The other issue that arised were systems/connectivity outside of the scope of the office and its locations. For example, one client had perfectly fine internet connectivity, but one of the peering relationships was not working well and therefore voice calls were not passing through properly. These types of issues are difficult to diagnose and report particularly after a major event when the ISP is worried about making sure their customers are up and running and not necessarily the problems any peers may have. This is unfortunate because it ultimately affects the service of a broad number of clients.

Another issue that came up were people working from home (including myself). Fortunately, I was able to reach my office.
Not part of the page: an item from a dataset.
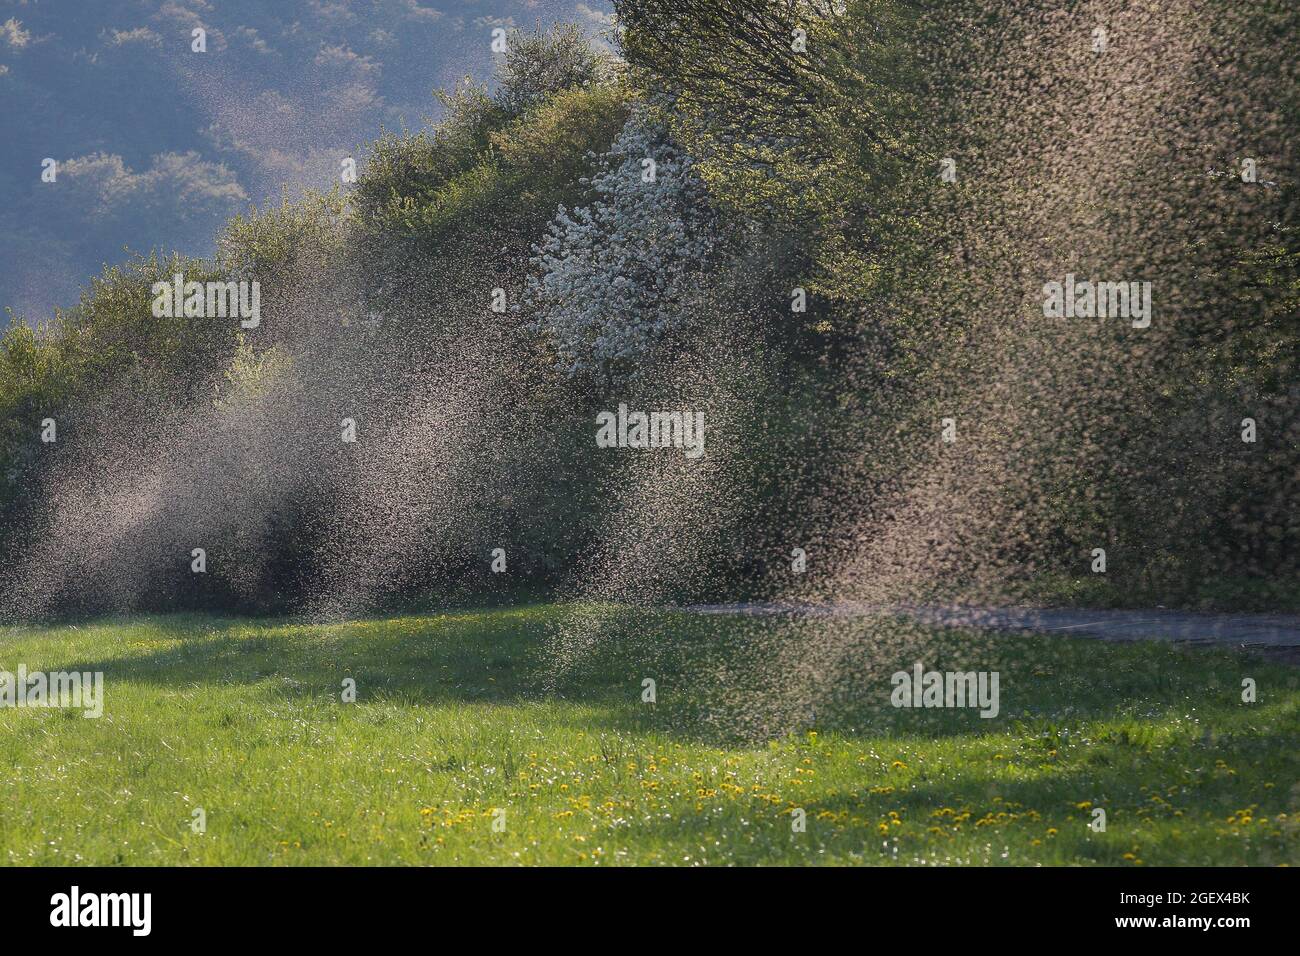 Große Schwärme von Fliegen oder Mücken tanzen abends auf einer grünen, feuchten Wiese Sonnenstrahlen. Stockfoto

But many that commute into New York City were cut off and local coffee shops didn’t have power or were otherwise closed.  Those that had cellular service were able to at least use those devices to keep in contact by phone and email.

Final Points

As I look at some of the locations that were harder hit than the NYC metro area, it is obvious that this could have been a bigger concern than it was, but fortunately we had the right kinds of processes and systems in place that allowed us and our customers to get through it.  But like anything, there is always room for improvement.  Besides letting clients know that their systems were still operational during or after the storm, greater communication leading up to a known event should have taken place. In addition, since some events cannot be planned for like a hurricane, periodic communication in addition to testing plans would be prudent to keep things top of mind.

Knee-Jerk Reactions

One unfortunate side effect of these sort of event are knee-jerk reactions and vendor FUD (Fear-Uncertainty-Doubt). For example, one of the things that is cropping up are the large number of cloud related vendors telling companies that if your systems were in the cloud then you won’t have had down time or worried about an outage. This is only partially true. (See “Learning from the Cloud Outages and Failure Planning”) Just like anything else, your systems have to be properly planned out and you need to understand what sort of events you are going to be protected from.  Maybe you have an inhouse system that you still can utilize when your office does not have Internet connectivity; that would not be a good solution to put in a cloud). But if you have an applicatin that can be used by a distributed workforce or you have backup systems, those may be good candidates for the cloud. A cloud or hosted solution for your particular critical applicatinos can be a completely viable solution assuming you understand the caveats or they may not. Do your homework and talk to your trusted technology advisor.